# water zoomies?



## trevor1000 (Sep 20, 2013)

http://s1029.photobucket.com/user/trev1001/media/June/waterzoomies_zpse7cf286c.mp4.html


----------



## einspänner (Sep 8, 2012)

Looks like Bacchus has been hitting the bottle again. Man has he gotten big though! Puddles or her kiddie pool always set Scout off too--the muddier the better. Loved the video!


----------



## trevor1000 (Sep 20, 2013)

He is up to about 52 pounds already.
Because we got him last fall he has had no experience in the water
He was having so much fun I just let him go..
I am glad he likes the water
Going to the cottage this weekend so more pics/vids to follow
Here is one of him on his whoa table; you can see he is starting to fill out.
It’s only been a week or so but he is getting it.
9 monthes now do you think he will get over 60 pounds?

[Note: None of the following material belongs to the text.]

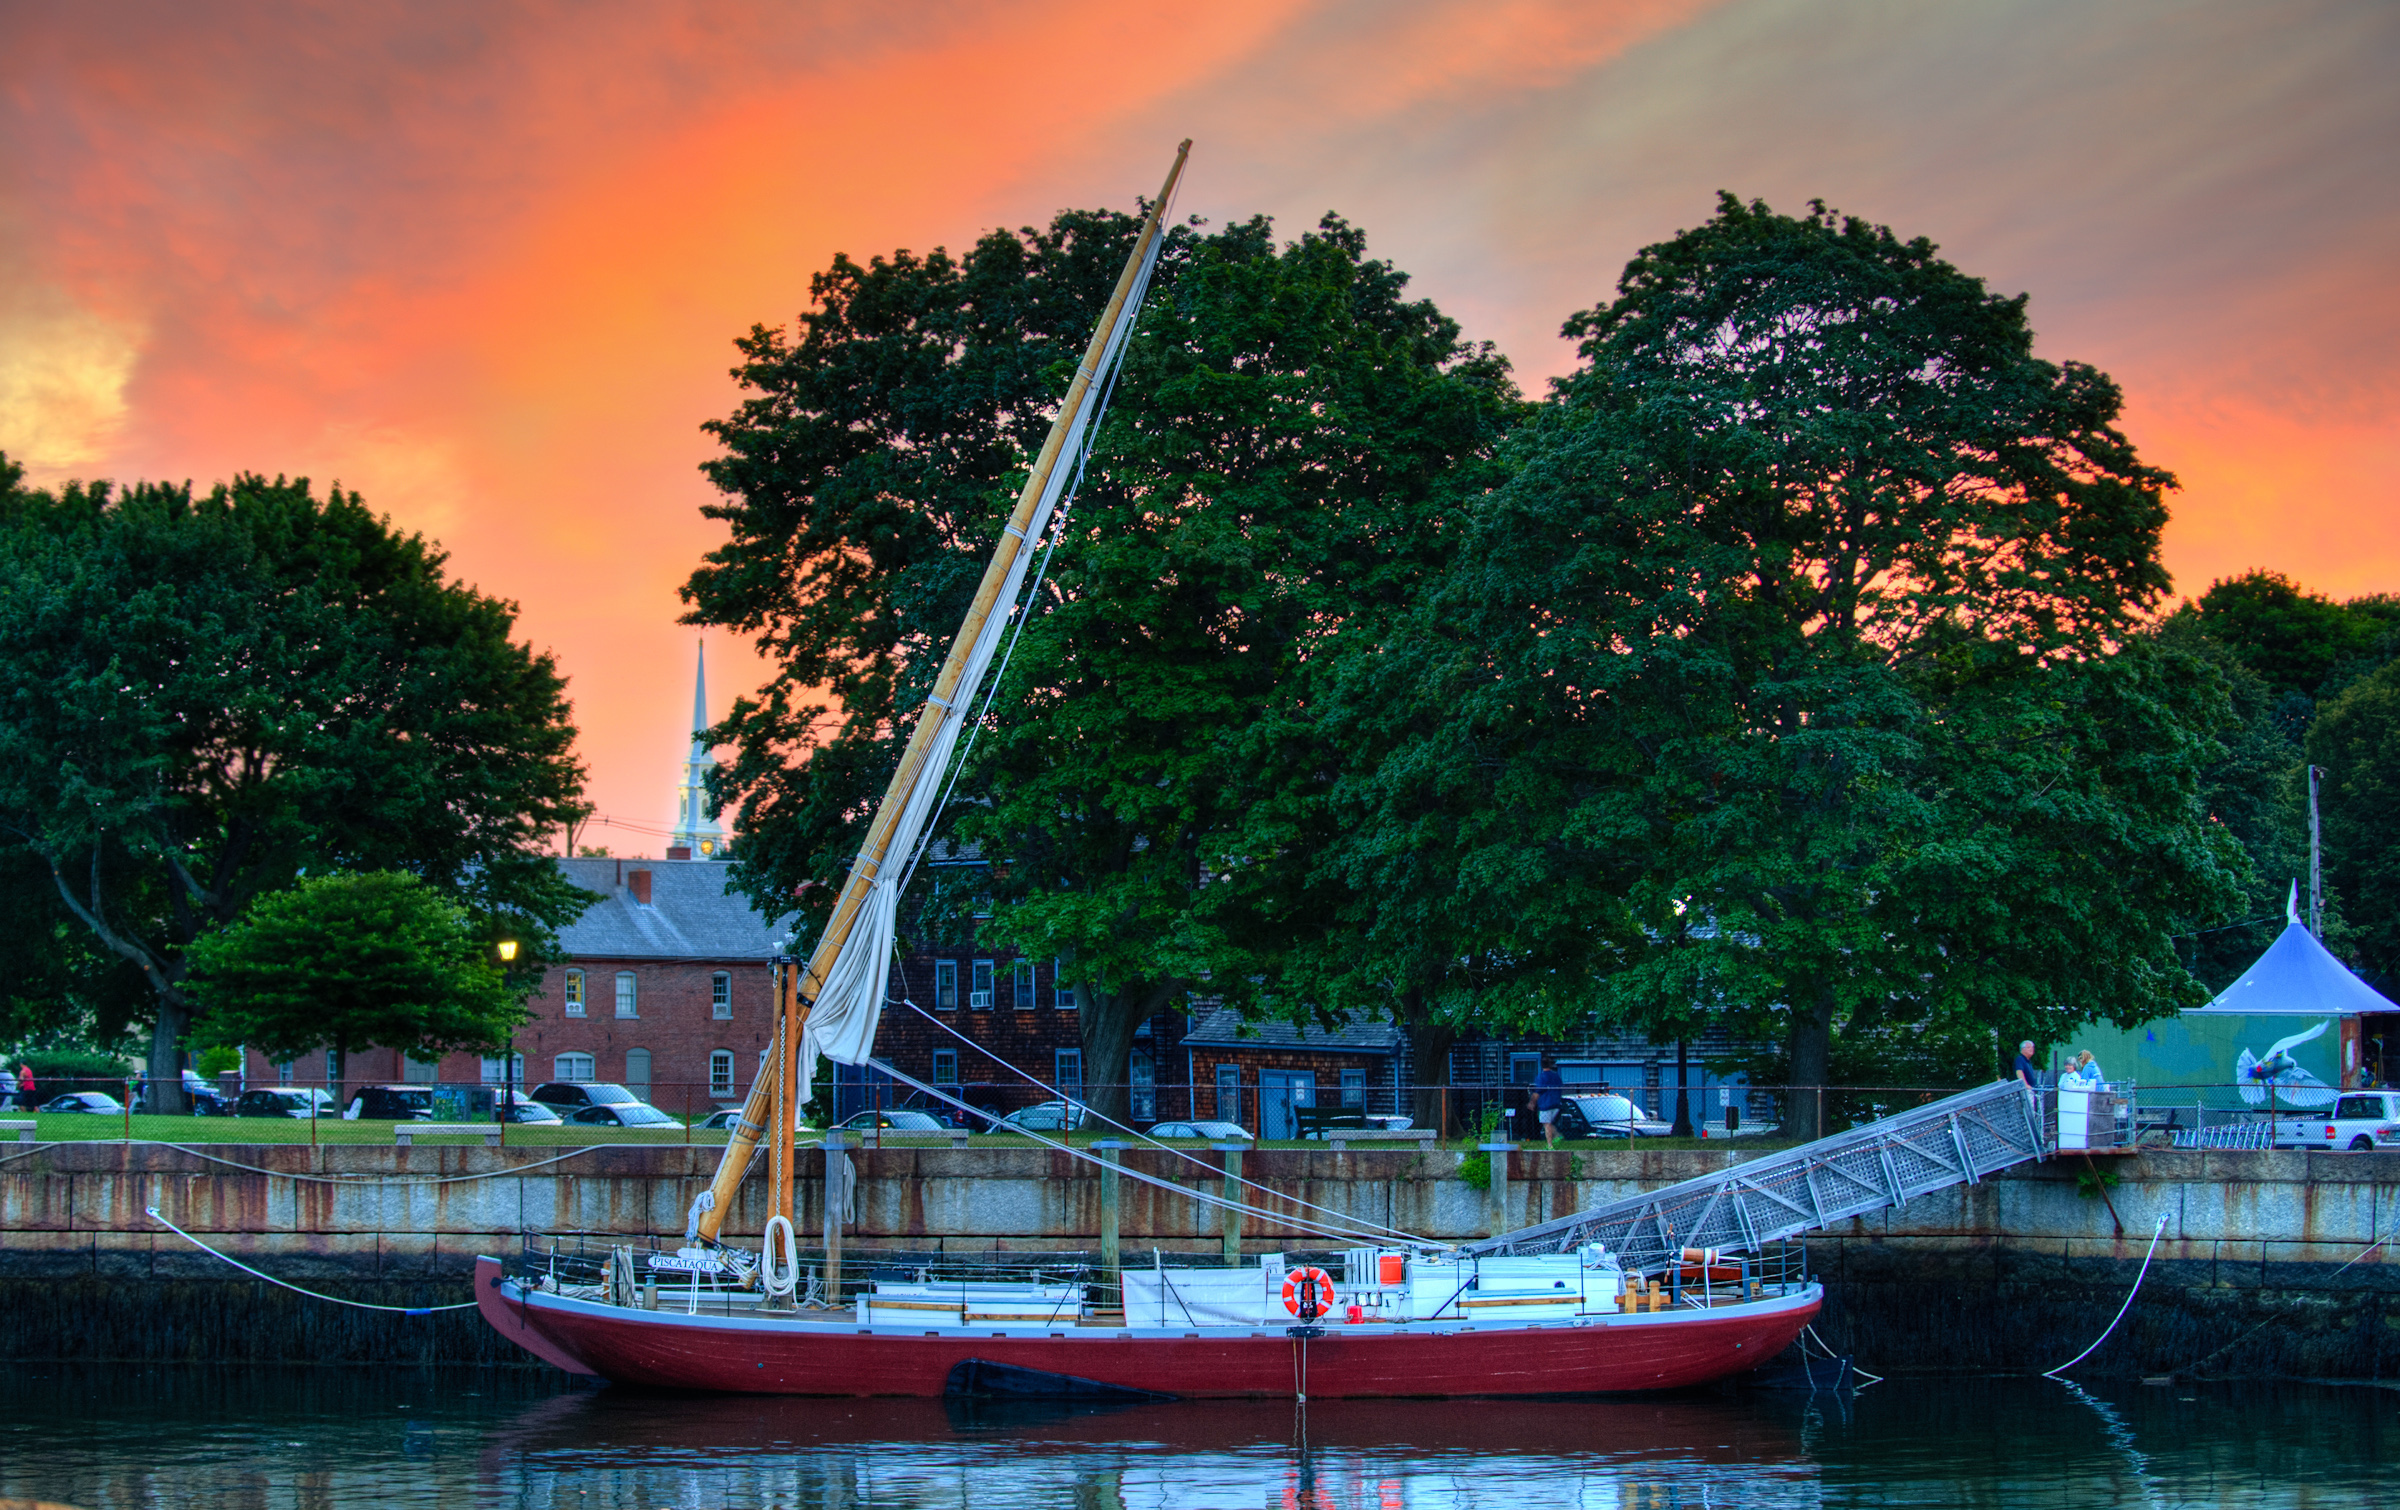 The gundalow Piscataqua sits docked in front of Prescott Park in Portsmouth NH at sunset. The steeple of the North Church is illuminated in the background by lights that have just come on.

http://s1029.photobucket.com/user/trev1001/media/June/theboy_zpse74fd681.mp4.html


----------



## einspänner (Sep 8, 2012)

Yeah, he's definitely coming along! Nice muscle tone too. If his growth habits are anything like Scout's, he'll definitely be a 60+ pounder. She put on around 8lbs from 9 months old to her birthday. I'm looking forward to those vids.


----------



## MeandMy3 (Feb 27, 2013)

What a handsome, fun-loving dog!


----------



## dextersmom (Oct 29, 2013)

@einspanner - Interesting! Dex was 56 lbs. at 9 months and is now 54 lbs. at 13 months. He doesn't look too skinny (but a bit skinnier than he was then, obviously) but I am trying some Satin Balls to add a couple pounds back on him. I thought he'd easily reach 60 lbs. - but not so far!


----------



## einspänner (Sep 8, 2012)

dextersmom said:


> @einspanner - Interesting! Dex was 56 lbs. at 9 months and is now 54 lbs. at 13 months. He doesn't look too skinny (but a bit skinnier than he was then, obviously) but I am trying some Satin Balls to add a couple pounds back on him. I thought he'd easily reach 60 lbs. - but not so far!

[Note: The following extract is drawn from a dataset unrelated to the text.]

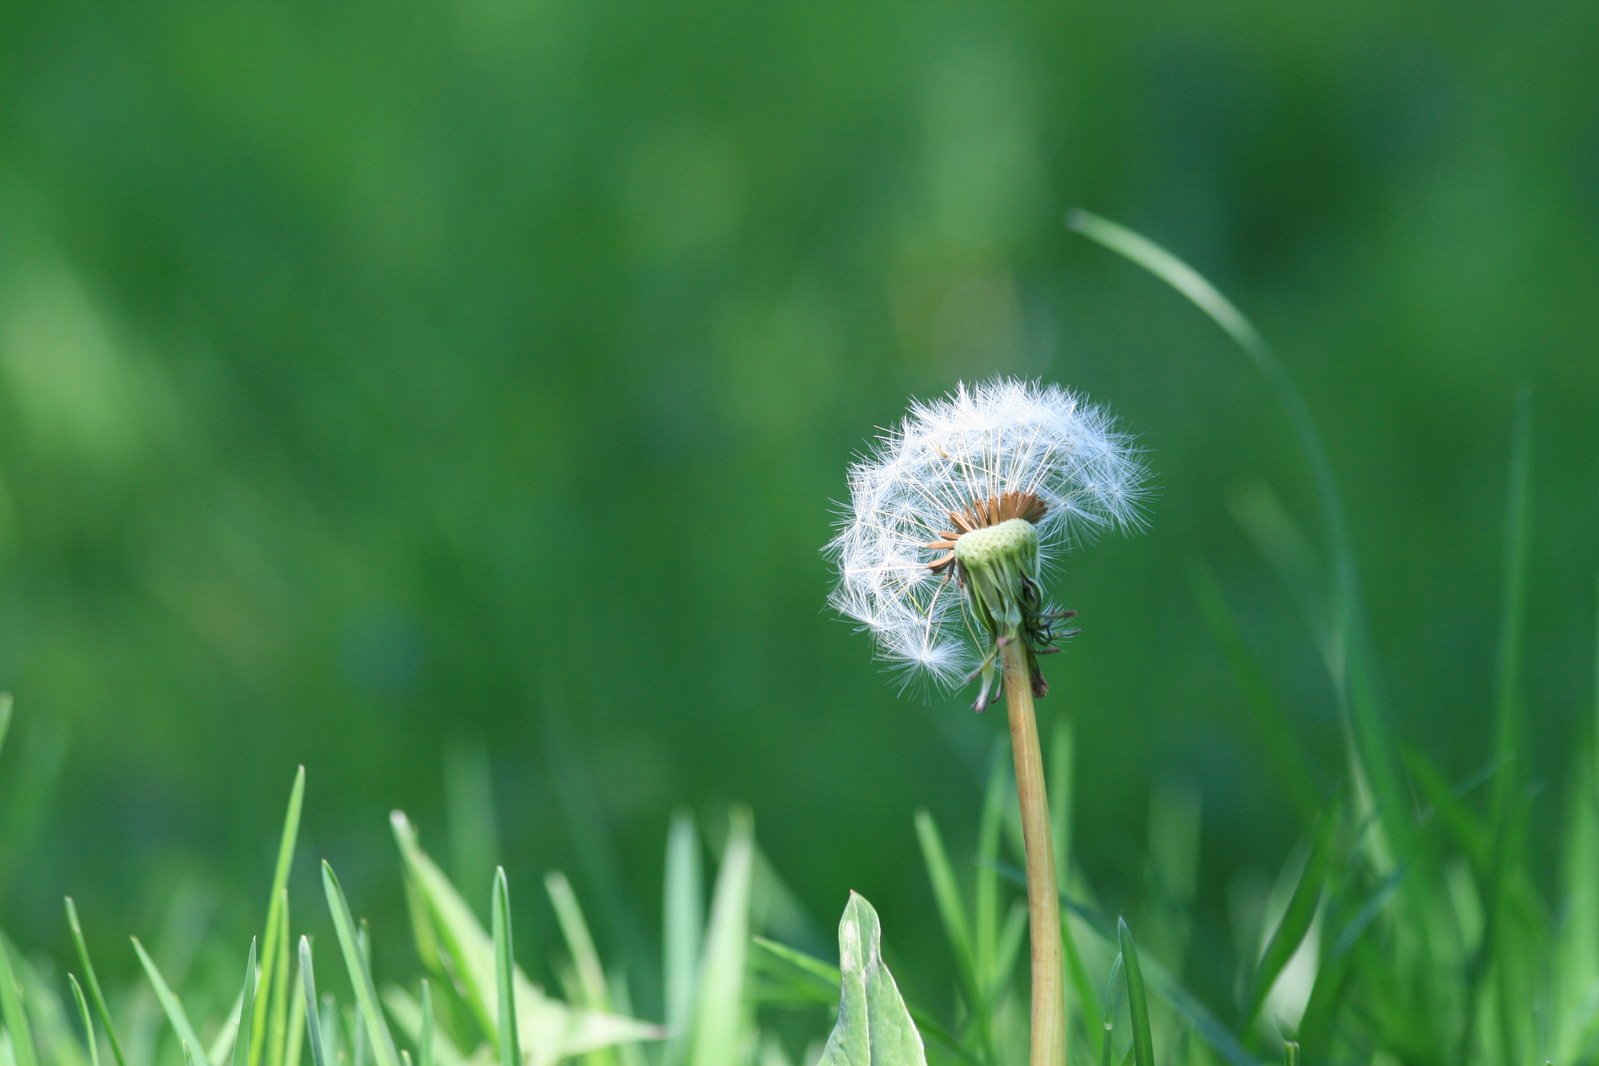 the dandelion is on top of the green grass

That is interesting. Sounds like he hit his growth spurt a lot earlier than Scout. Just goes to show you that within the same breed individuals can be very different, even more so when comparing male to female and wirehair to smooth. 

Here's her growth chart. (Yes, I'm crazy)


----------



## texasred (Jan 29, 2012)

I have found that sometimes the scales might be a little off. I had June get on a scale and it showed her to be 5lbs heavier than her normal weight.
I knew there was no way she had gained 5lbs in two days. I turned the scale off, and back on, then it showed her normal weight.
I also wouldn't be concerned about 2lbs in a dog that is at a normal weight.
During cold months my dogs eat more, and during hot summers they cut back on food due to the heat.


----------



## dextersmom (Oct 29, 2013)

einspänner said:


> Here's her growth chart. (Yes, I'm crazy)

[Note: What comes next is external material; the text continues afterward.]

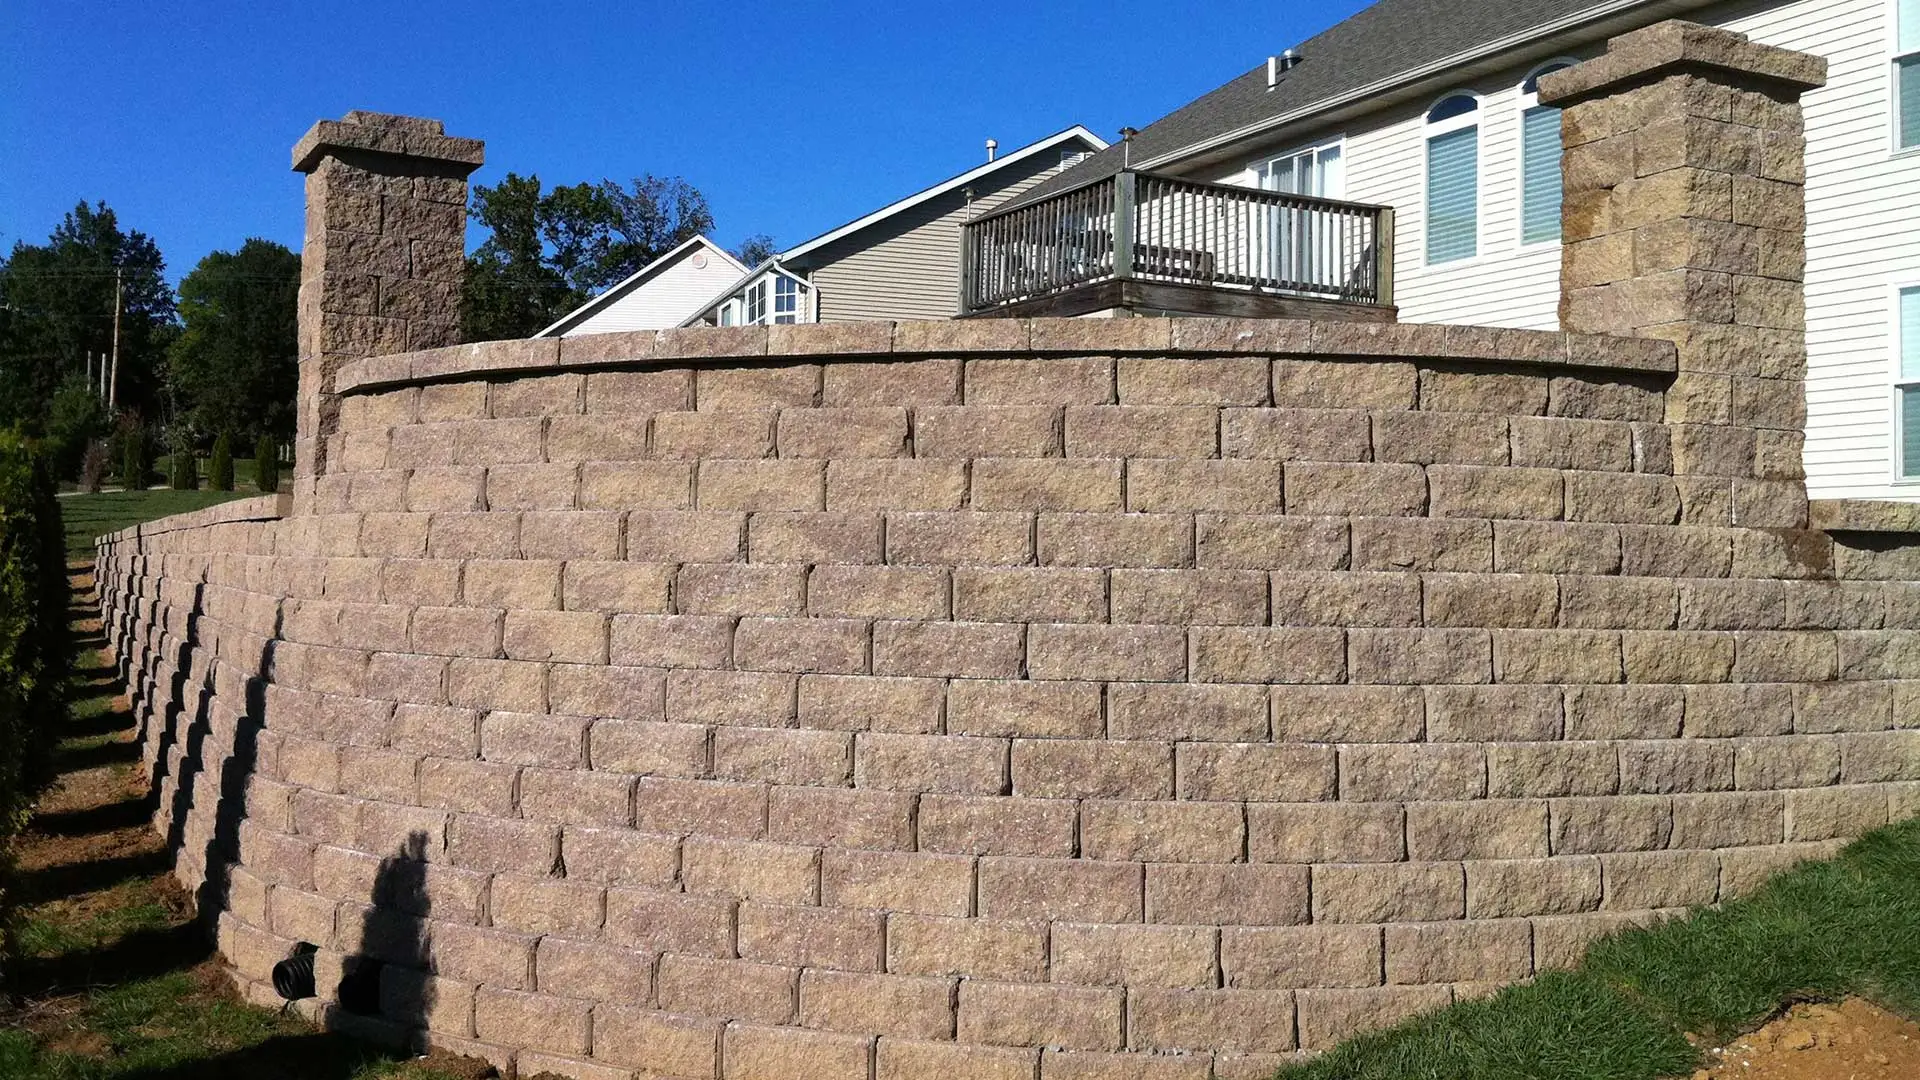 Retaining wall installed at a home in Columbia, IL.

Ah, that's awesome! I wish I had done one for Dex. I totally want to keep one for our next pup, so I don't think you're crazy at all 



TexasRed said:


> I have found that sometimes the scales might be a little off.
> 
> I also wouldn't be concerned about 2lbs in a dog that is at a normal weight.


Yeah, our scale is not 100% reliable (or at least I tell myself that, ha!) but I'm pretty sure he had made it up to 58 lbs. at one point and is now at 54. I'm not really worried (he looks fine) but I can see 4-5 vertebrae of his spine, whereas before I could only see maybe 1 or 2. He's just not a big eater (3 Acana cups a day) and will only eat once a day (in the evening). The satin balls are getting him to eat some breakfast finally, since I'd really like to split his meals up and get him to eat twice a day. Even as a pup, he'd usually only want to eat once a day. Hoping when we have another pup in the house, he'll get a little more interested in food.

Sorry, back on topic!!


----------



## trevor1000 (Sep 20, 2013)

Was a great weekend
Even got the boy in the water for the first time





















http://s1029.photobucket.com/user/trev1001/media/June/this_one1_zpsfcb3ccdc.mp4.html

And of course the "Fly Catcha"

http://s1029.photobucket.com/user/trev1001/media/June/fly_catcha1_zpsd504d06c.mp4.html


----------



## trevor1000 (Sep 20, 2013)

einspänner said:


> Looks like Bacchus has been hitting the bottle again. Man has he gotten big though! Puddles or her kiddie pool always set Scout off too--the muddier the better. Loved the video!


Haha and yes, the wino...


----------